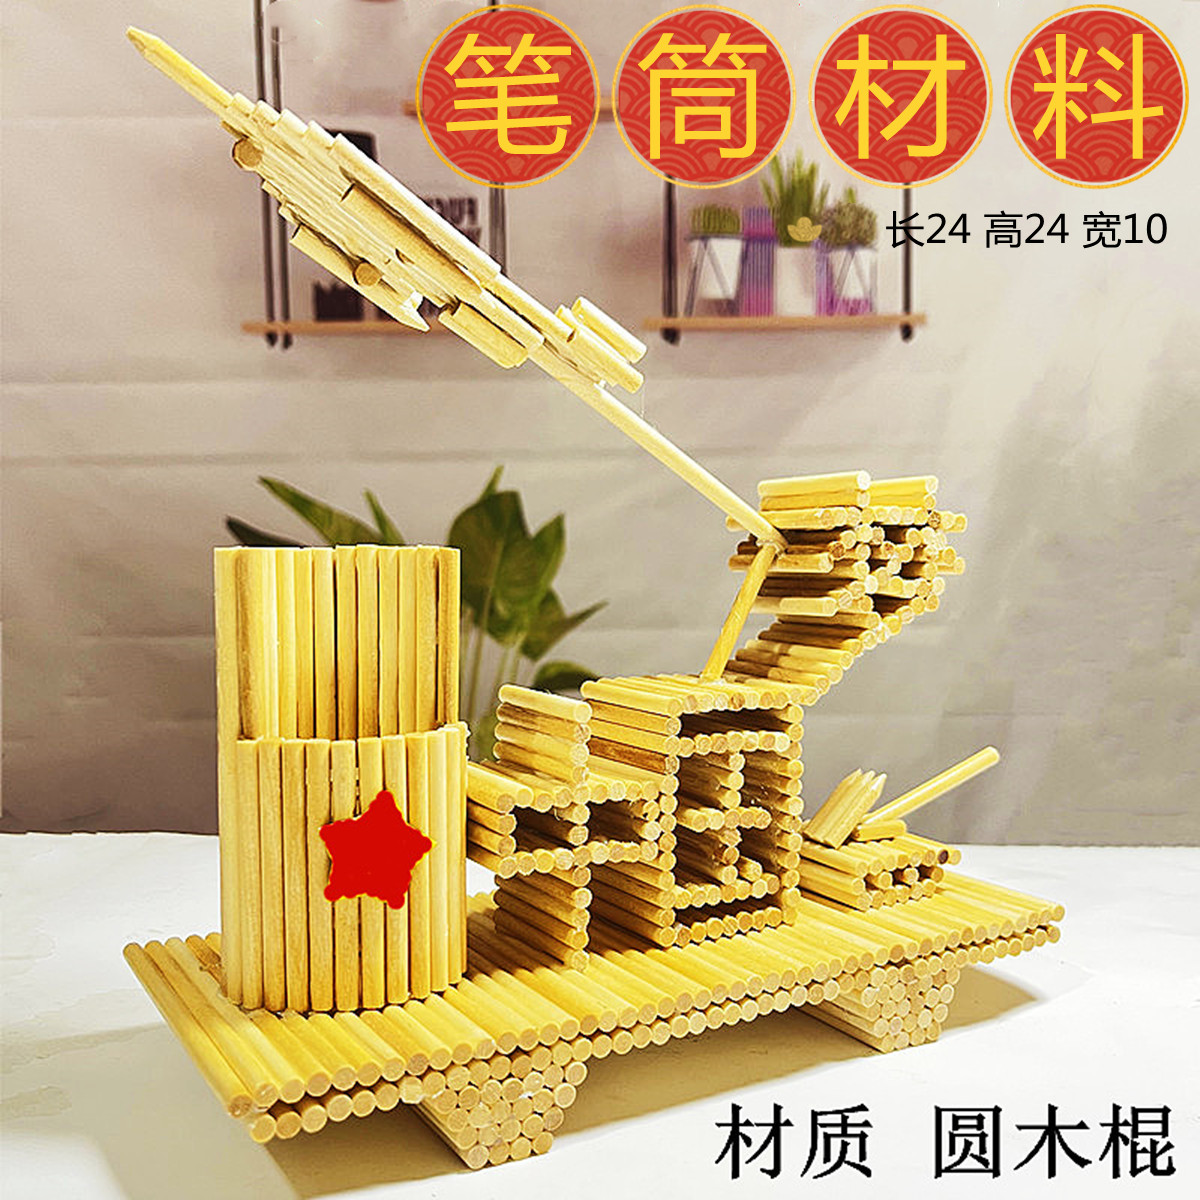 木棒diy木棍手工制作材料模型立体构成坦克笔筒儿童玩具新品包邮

--

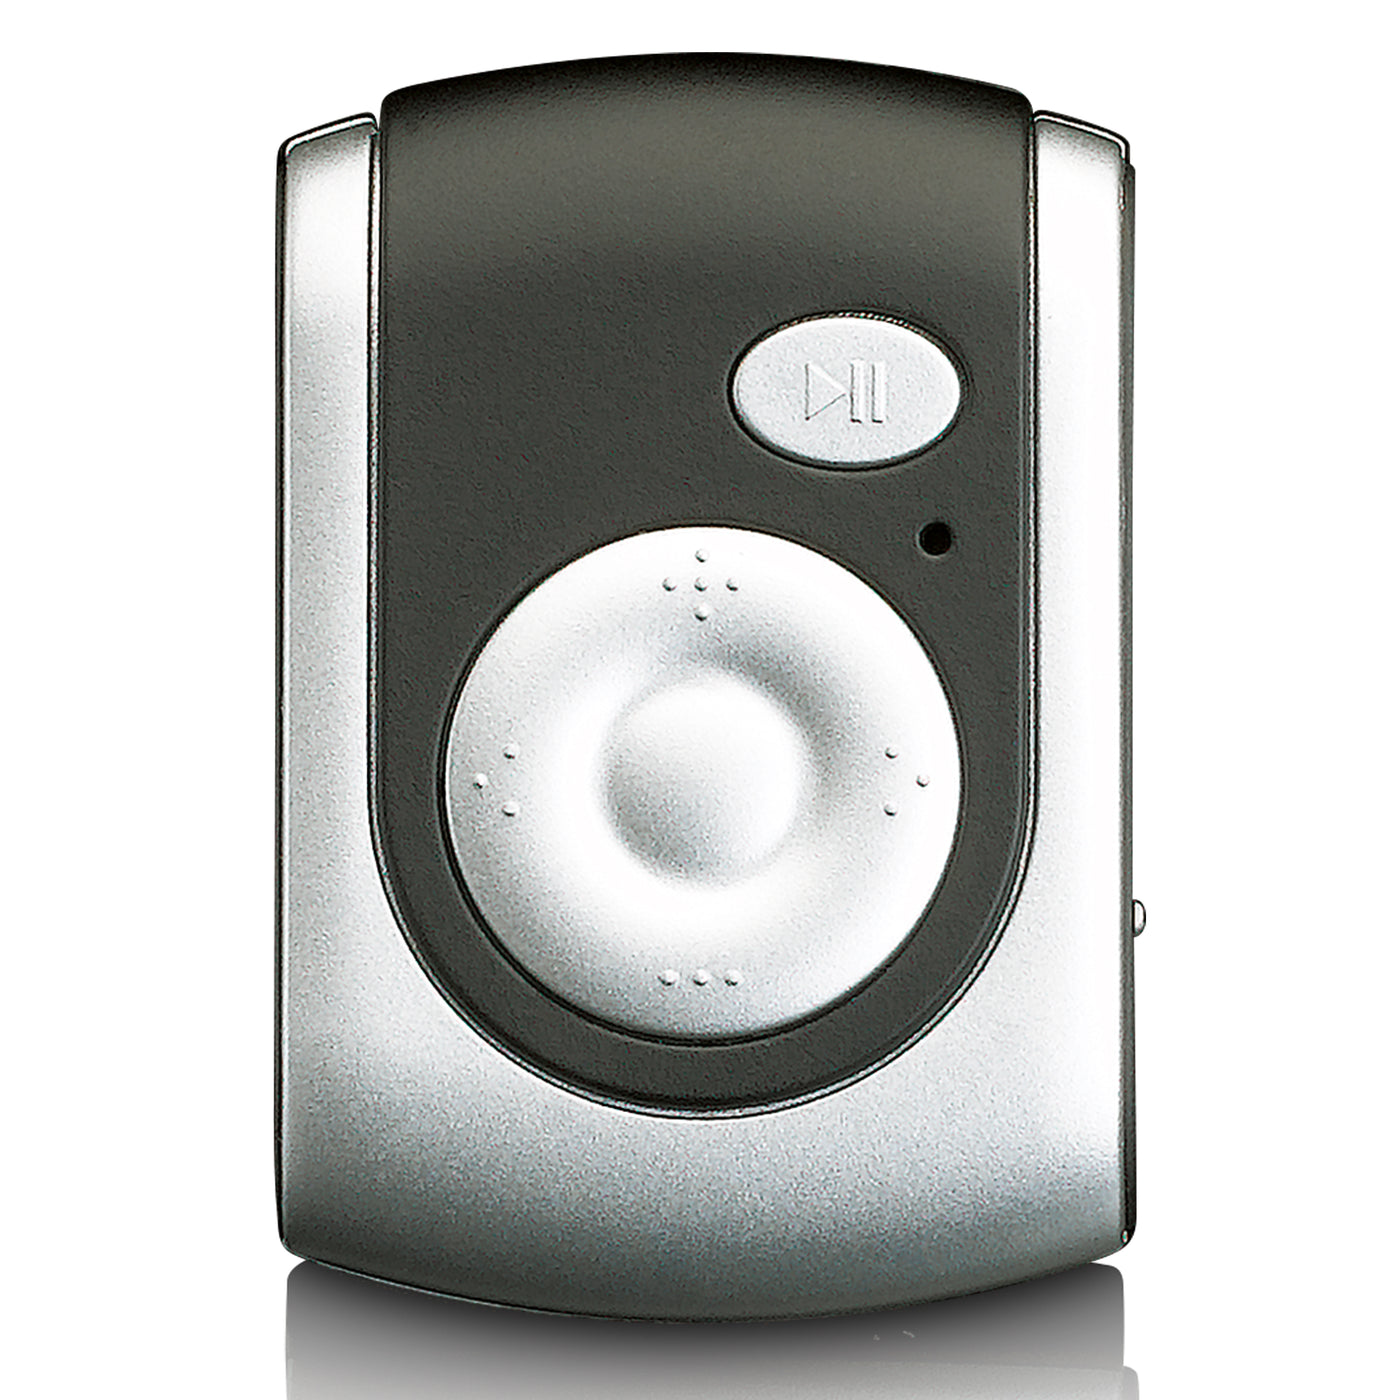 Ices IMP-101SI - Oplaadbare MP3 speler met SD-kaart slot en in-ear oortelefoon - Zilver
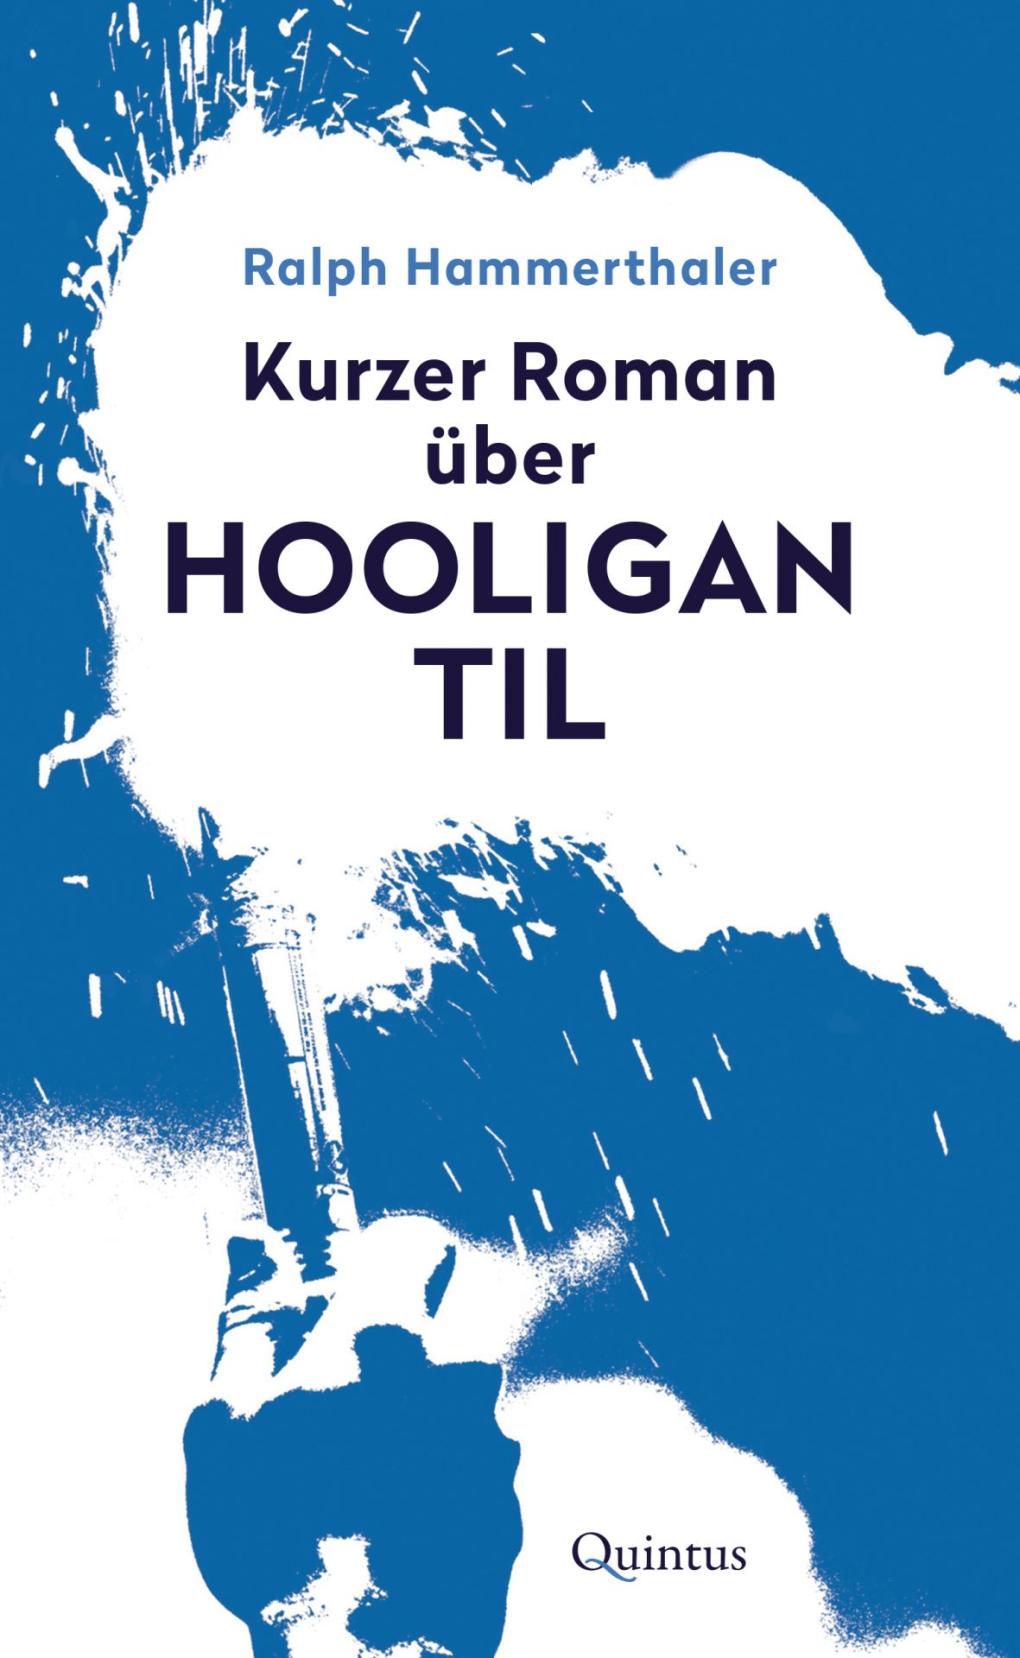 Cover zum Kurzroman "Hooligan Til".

[WHAT THE EXERCISE ASKS] Reproduce the lines above starting at the one with "Ices IMP-101SI - Oplaadbare" and ending at the one with "Cover zum Kurzroman", both included, exactly and with no pictures.

[RESPONSE BELOW]
 Ices IMP-101SI - Oplaadbare MP3 speler met SD-kaart slot en in-ear oortelefoon - Zilver
 Cover zum Kurzroman "Hooligan Til".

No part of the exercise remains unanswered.